O agitar de um telemóvel ou o lamento é de uma foto histórica que ficou por tirar é o desfecho desta triste encenação. O que seria de lamentar é o futuro dos portugueses, que vão lutar por se manter à tona de agua, enquanto lêem as noticias dos lucros de 40% da Jerónimo Martins, da banca ou da acumulação de reformas milionárias, como a do ilustre Sr. Catroga. Deve ser fácil negociar o que não nos toca a nós.

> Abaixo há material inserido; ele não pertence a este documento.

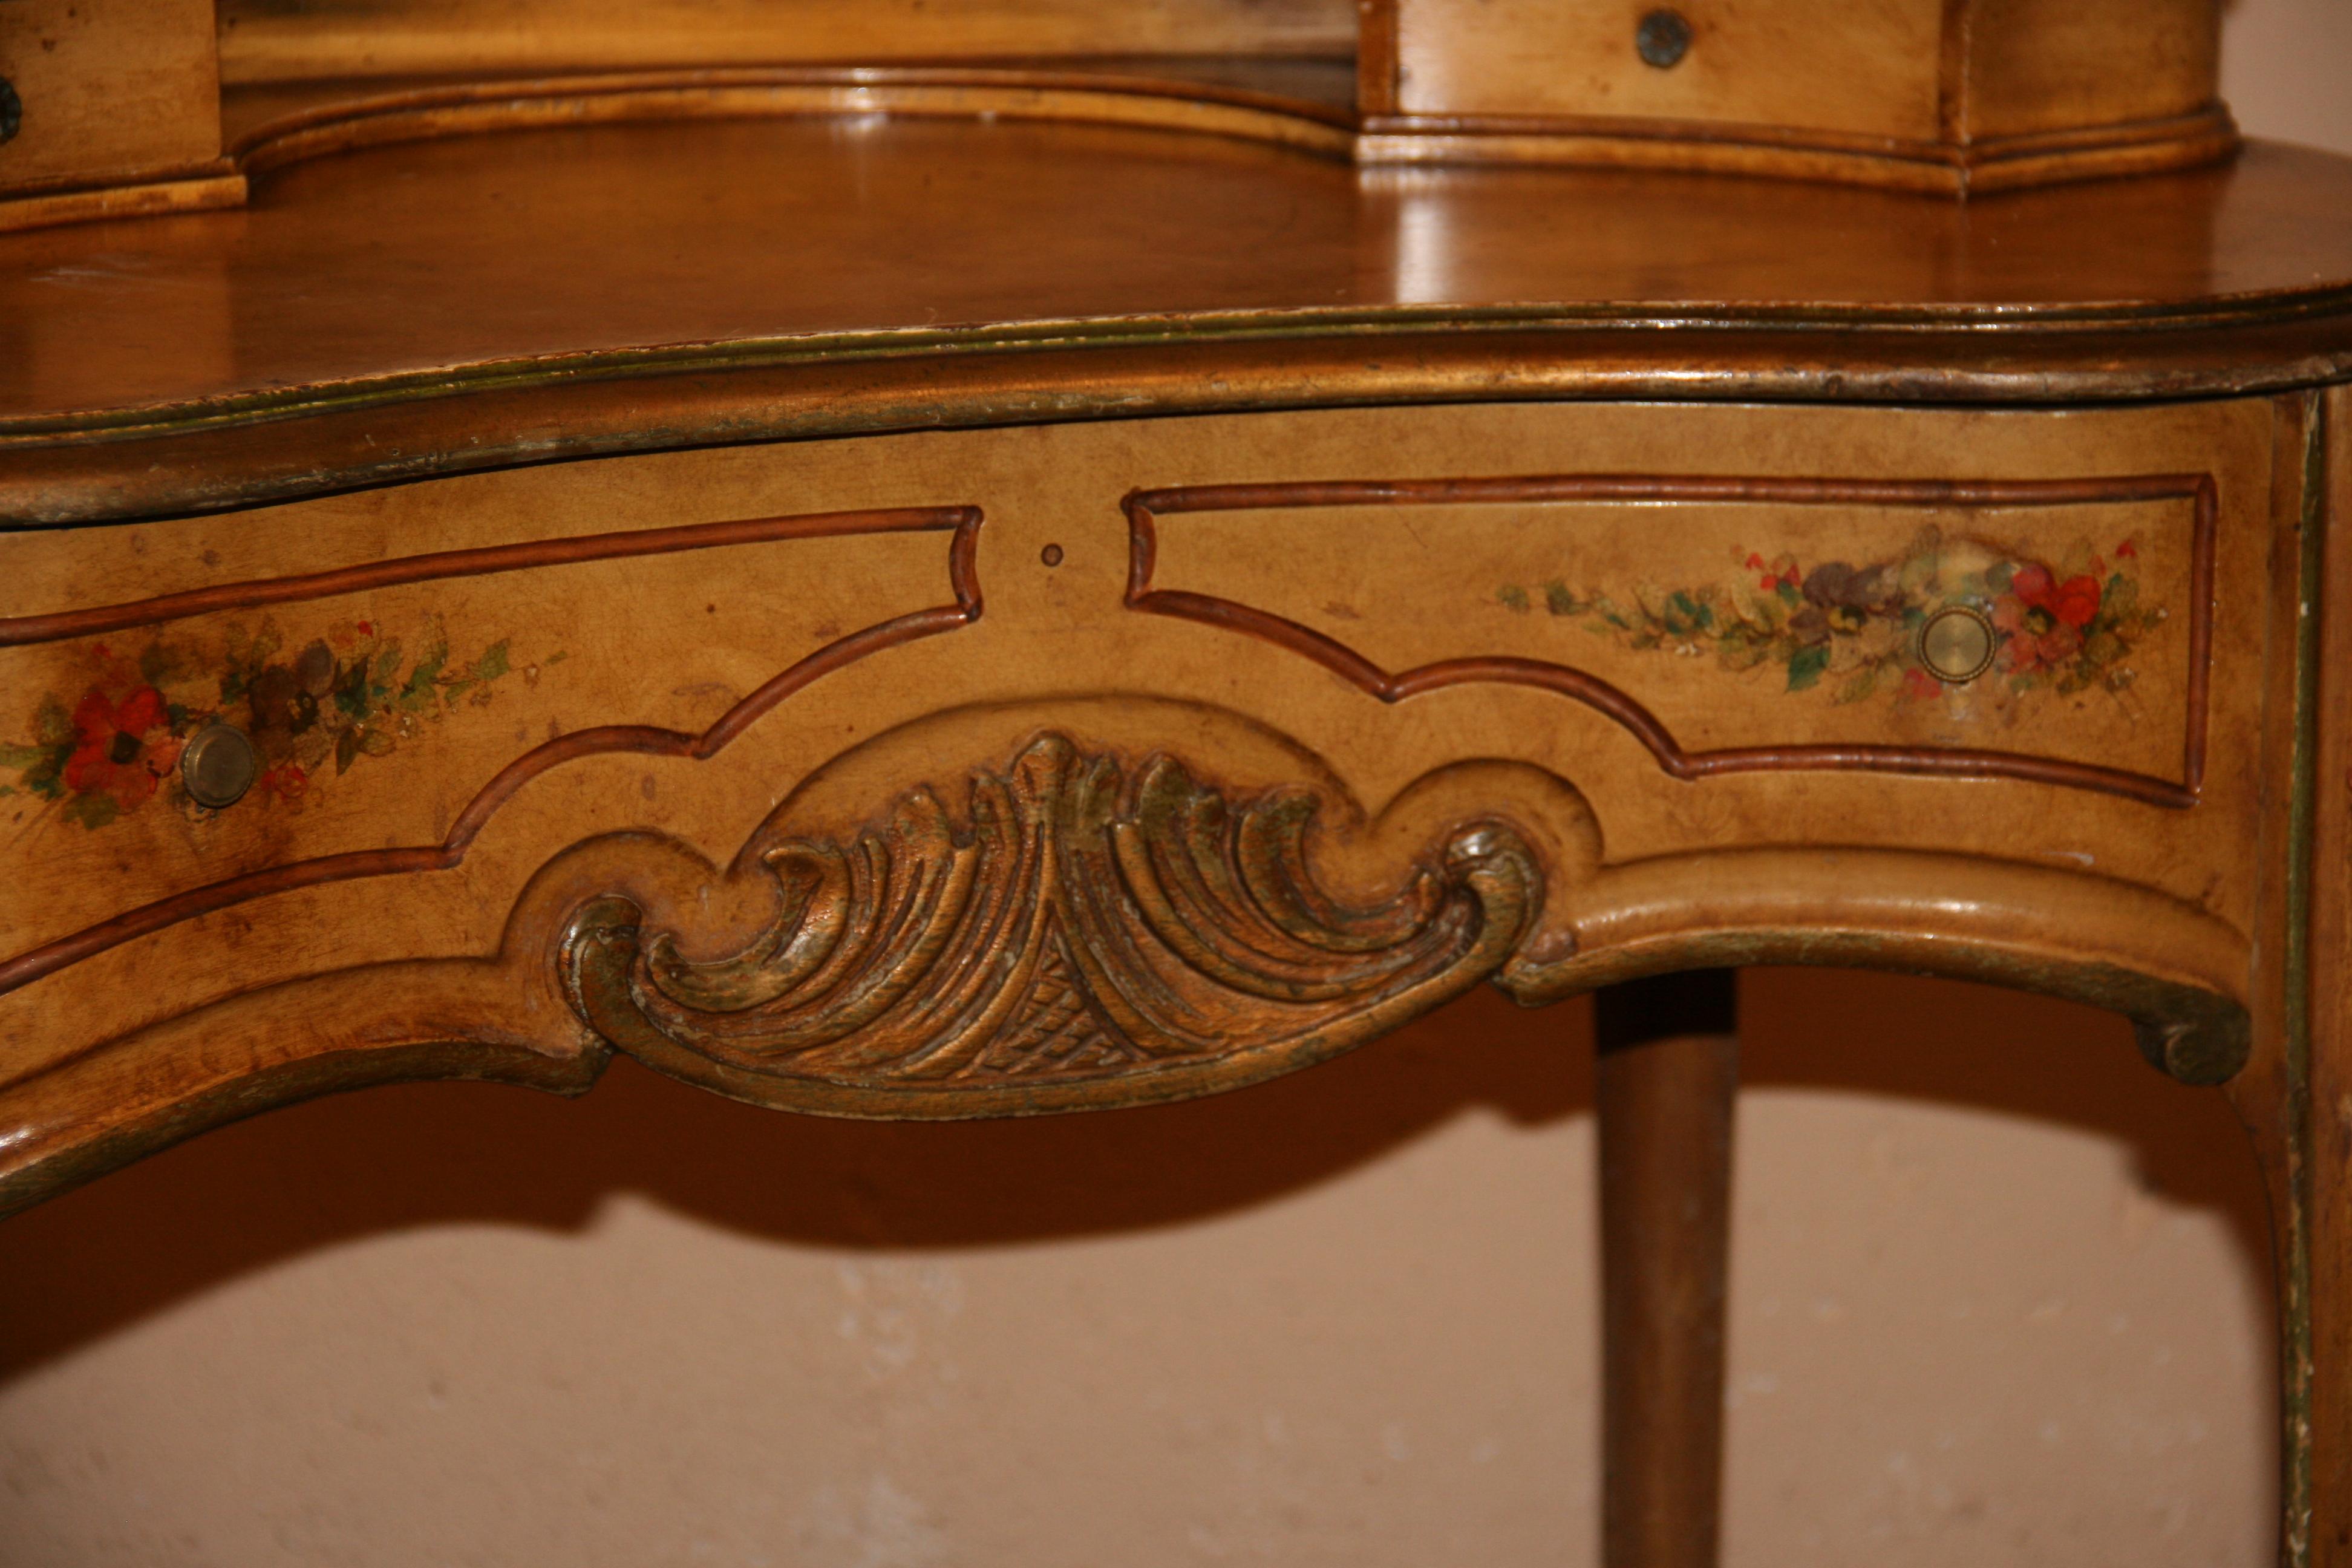 Early 20th Century French Kidney Shaped Hand Painted Desk and Chair 1920's For Sale

quinta-feira, outubro 21, 2010

Hipocrisia

Continua a saber-se aos bocadinhos os detalhes da austeridade, agora ficamos a saber que a taxa contributiva dos trabalhadores a recibo verde e com contratos a prazo vai aumentar. Numa coisa realmente o governo é coerente, o ataque aos pobres e desprotegidos é uma constante. Já não basta a precariedade, a inexistência de subsídios de natal, férias ou de doença, a angústia de não saber por quanto tempo terá trabalho e a injustiça de se estar em situação de “falso recibo verde”, acresce um aumento da carga de impostos. Mais uma vez, não se tem em conta a taxa de esforço destes trabalhadores, nem as condições desfavoráveis que já os afectam.

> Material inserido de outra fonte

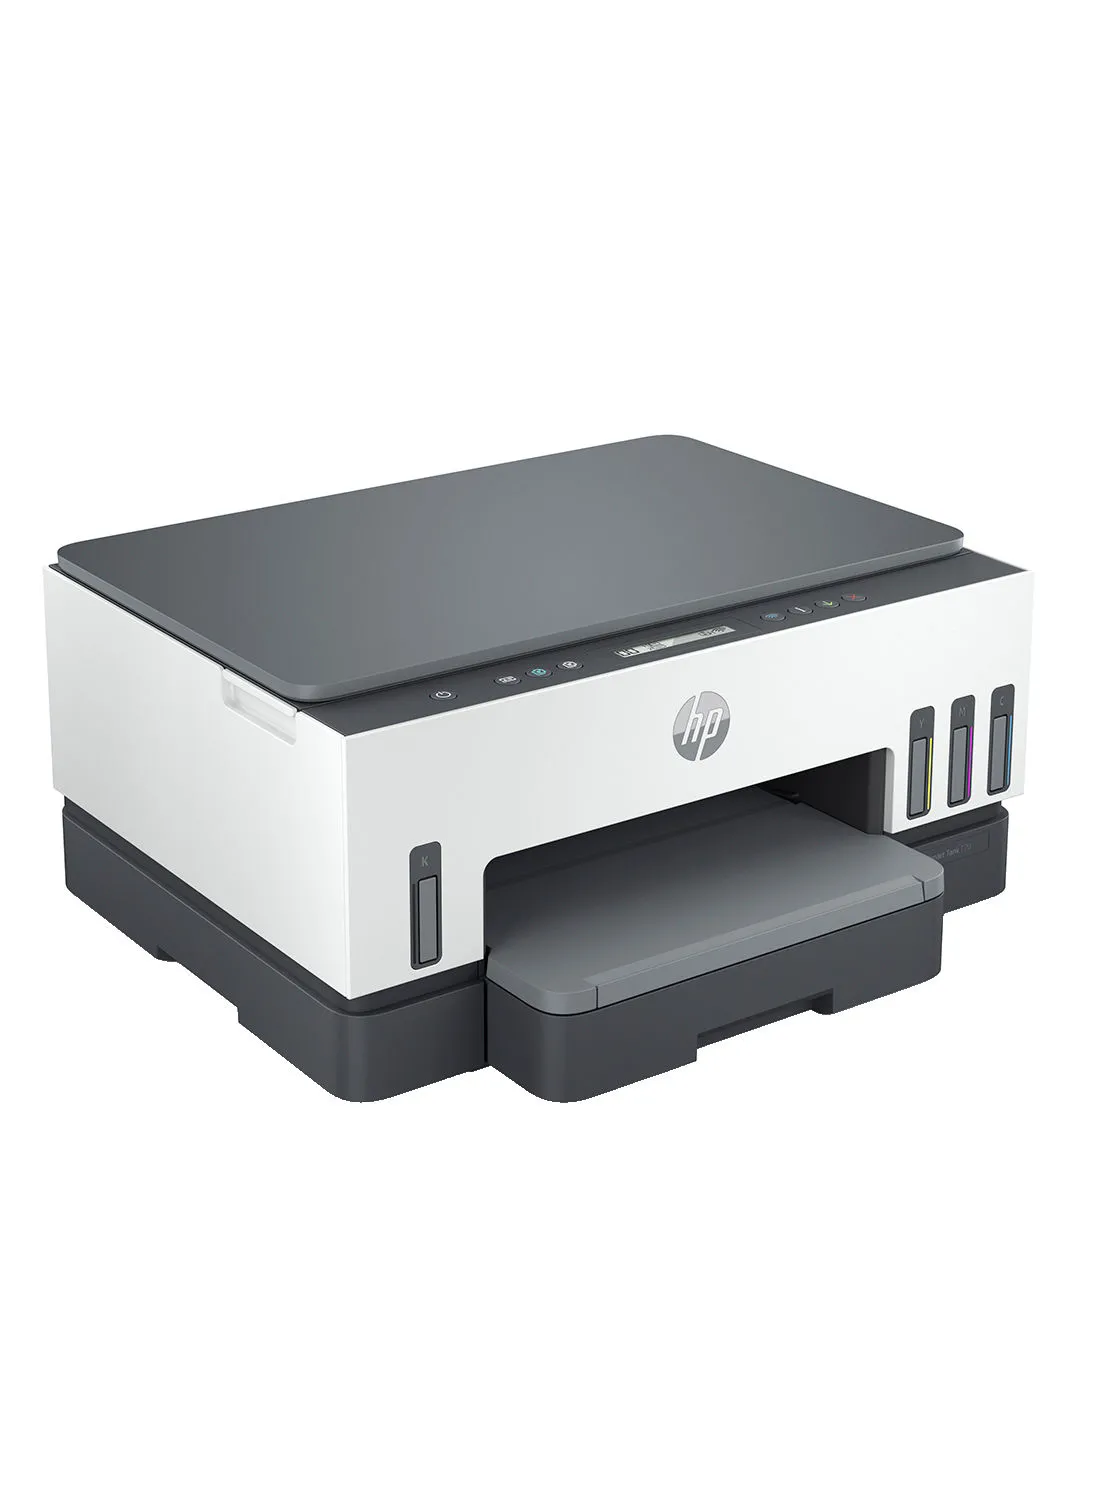 HP Smart Tank 720 All-in-One Printer Wireless, Print, Scan, Copy, Auto Duplex Printing, Print up to 18000 black or 8000 color pages [6UU46A] White/Grey

Ao mesmo tempo o governo anuncia quanto vai gastar com o BPN, nada mais, nada menos que 400 milhões, e já não falo no quanto vai gastar em assessoria e em propaganda. É bom que se saiba em nome de quê, se fazem sacrifícios. Em nome do salvamento dos bancos irresponsáveis, é óbvia a injustiça, mas pior é a ironia de estarmos a pagar as mentiras e a propaganda, que nos vão impingir depois, para aceitarmos de ânimo leve os sacrifícios que nos são exigidos. Que é uma injustiça, um assalto até, já percebemos, mas precisava de se revestir de hipocrisia e mesquinhez?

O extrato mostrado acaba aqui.